Update 1: IE team Program Manager Eric Lawrence "I strongly recommend that developers not list MIME types here." Yet Silverlight and Office do. Whoops.
Update 2: IE doesn't send the extended header on *every* request, it sends */* for refreshes and some subsequent visits. [IEBlog]
It is not just wasted bandwidth that is the problem, it is wasted server processing, too. If a server or framework wants to follow through on the HTTP protocol the server must be sure it can't respond with any of the requested formats before it can respond with HTML. Bottom line: IE's Accept header is extremely ugly.
If WebKit is Foolish and IE is Prodigal how valuable is the Accept header?
This was the question I asked myself about half-way through writing the Accept parsing and content-negotiation code going into the next release of Recess, a RESTful PHP framework.
Content-negotiation with the Accept header is an interesting idea in principle that is hard to use properly in practice because browsers misuse it. As stated, Twitter's REST API doesn't use the Accept header for content-negotiation, they use extensions on the URL '.json' and '.xml'. Rails disables the Accept header by default.
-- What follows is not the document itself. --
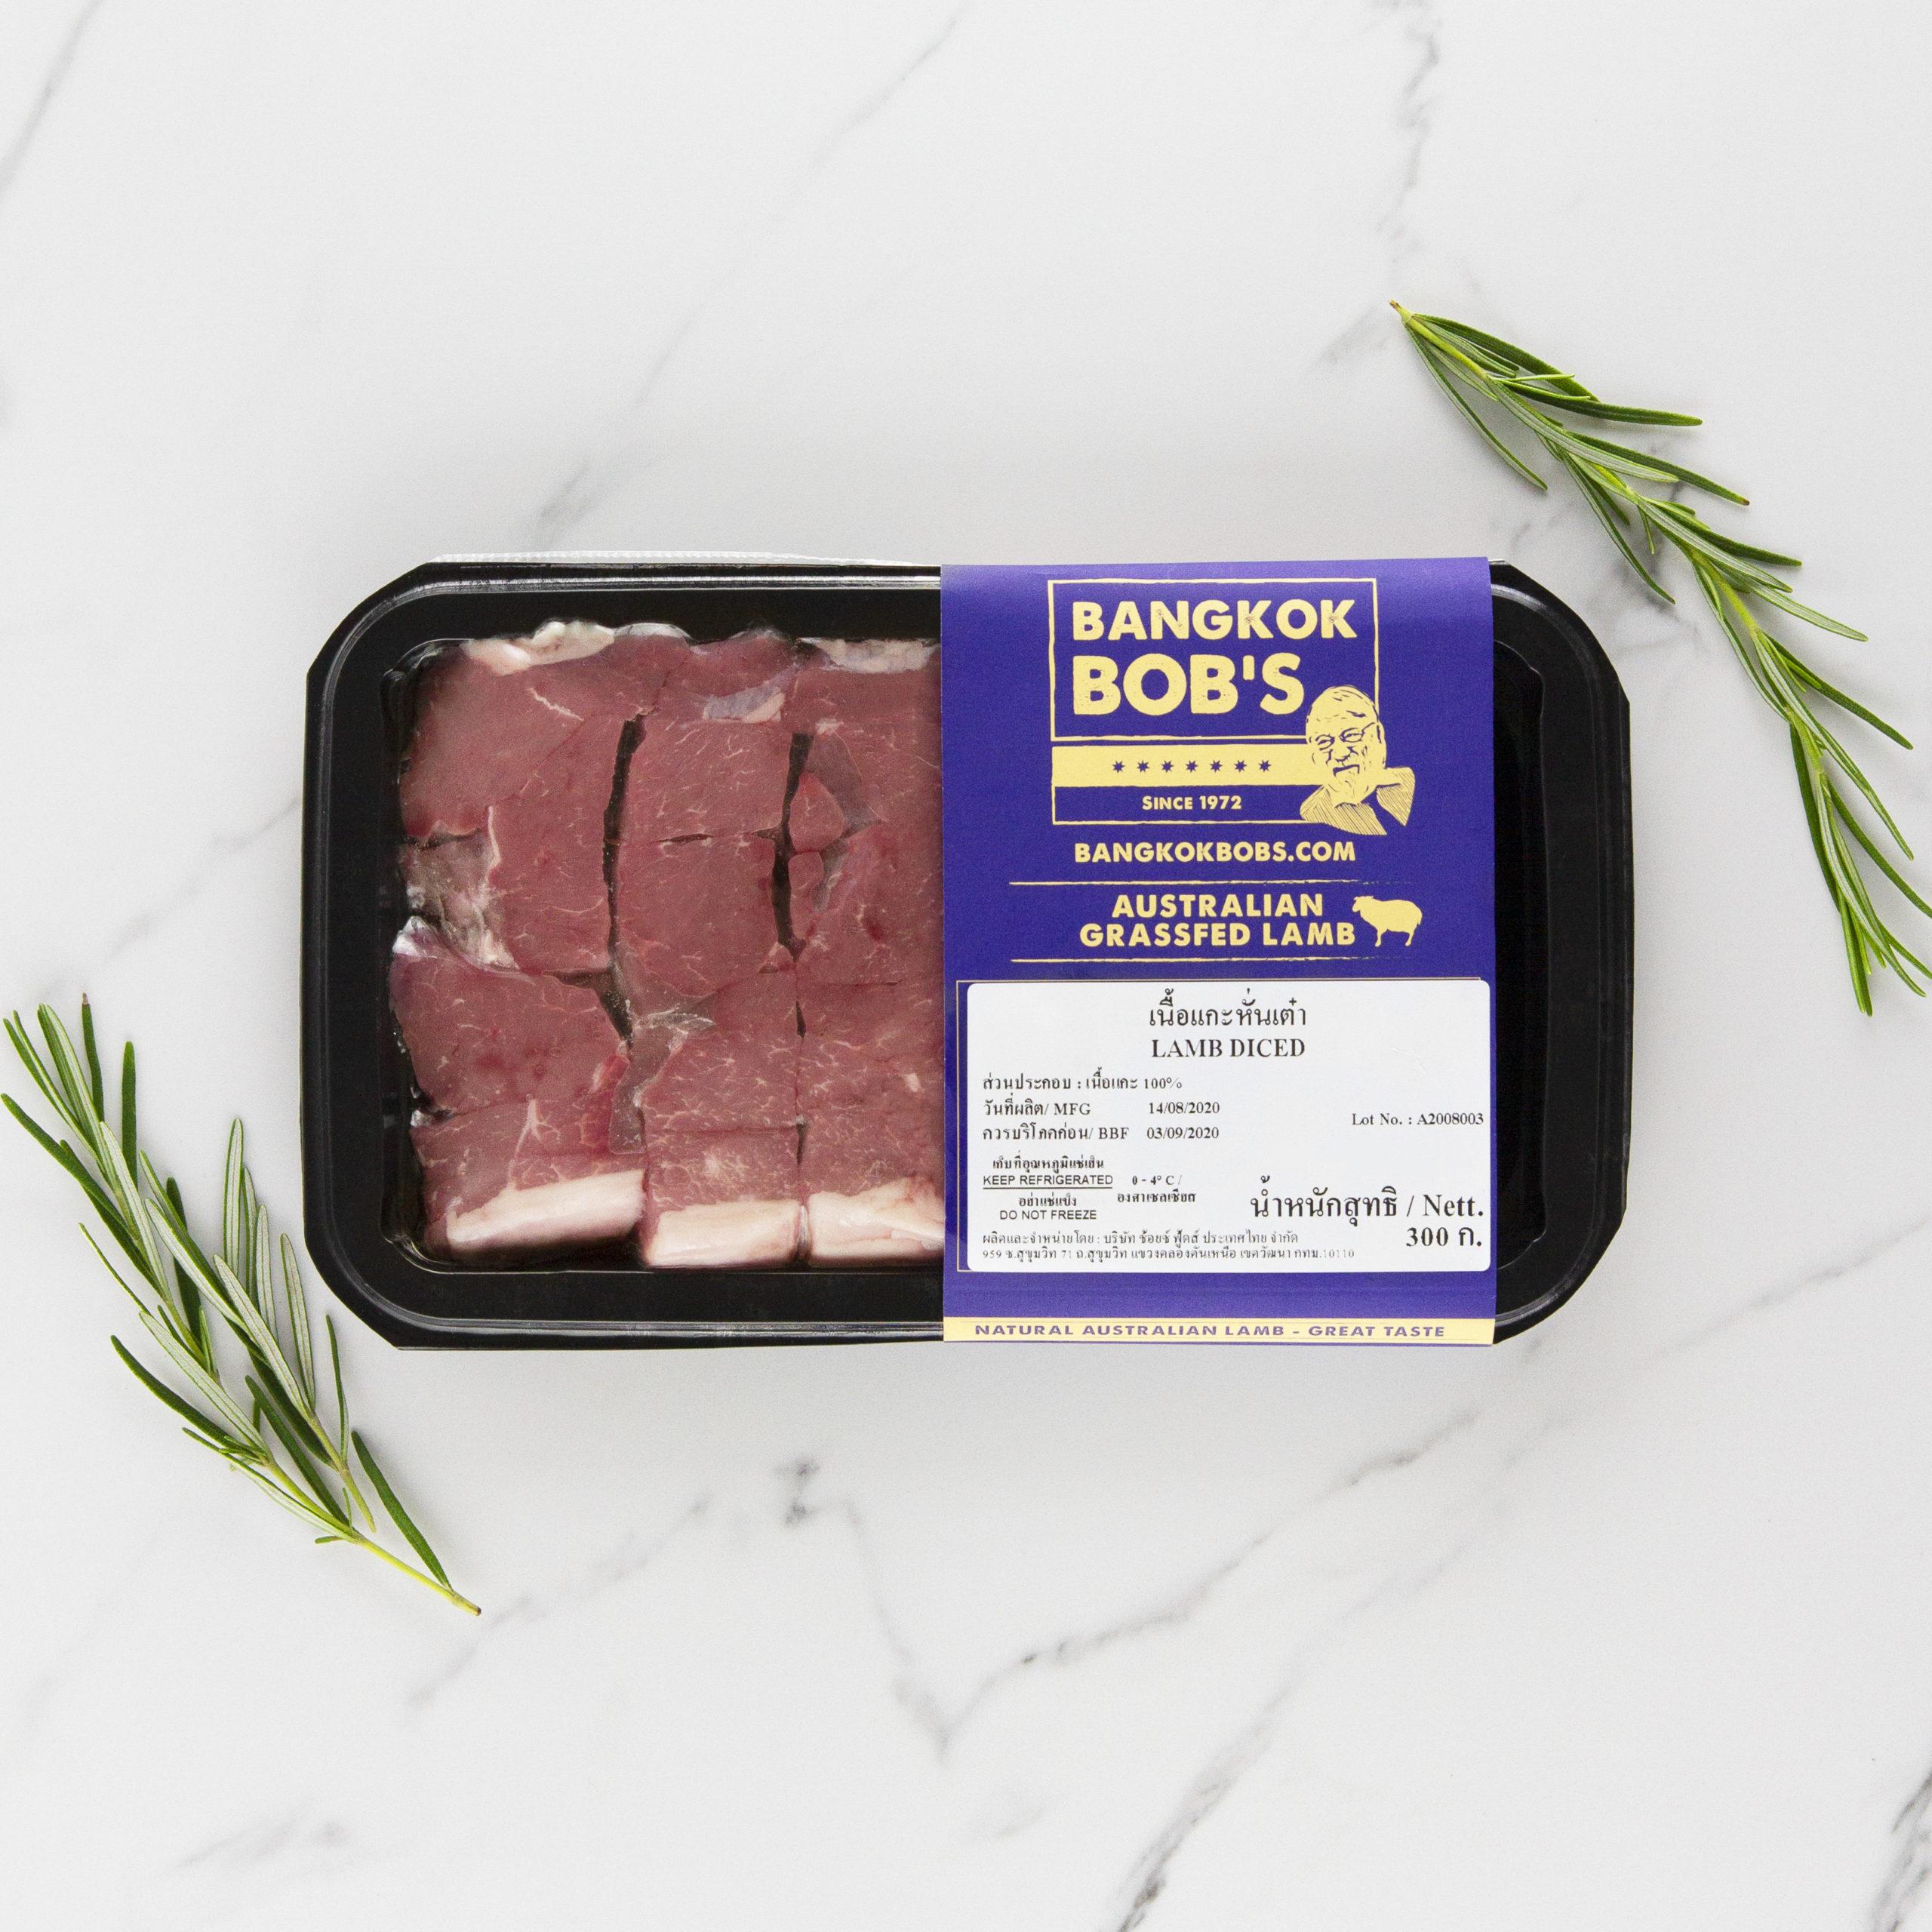 Diced Australian Grassfed Lamb in Bangkok Bob's packaging

Frameworks can enhance performance by ignoring the Accept header and relying on '.xml'-like extensions. As such the next release of the Recess Framework, too, will disable Accept header based content-negotiation by default.
So, when would you want to parse Accept headers for content negotiation? When your consumers are respectful of HTTP and REST (RESpecTful!). This could mean RIAs written in javascript, Flash, or Silverlight. It could also mean other other servers consuming your RESTful API.
Bottom line: If you're building APIs for other developers to consume, consider using Accept-based content-negotiation. If you're building consumer facing web apps: ignore the Accept header until WebKit and IE get their acts together.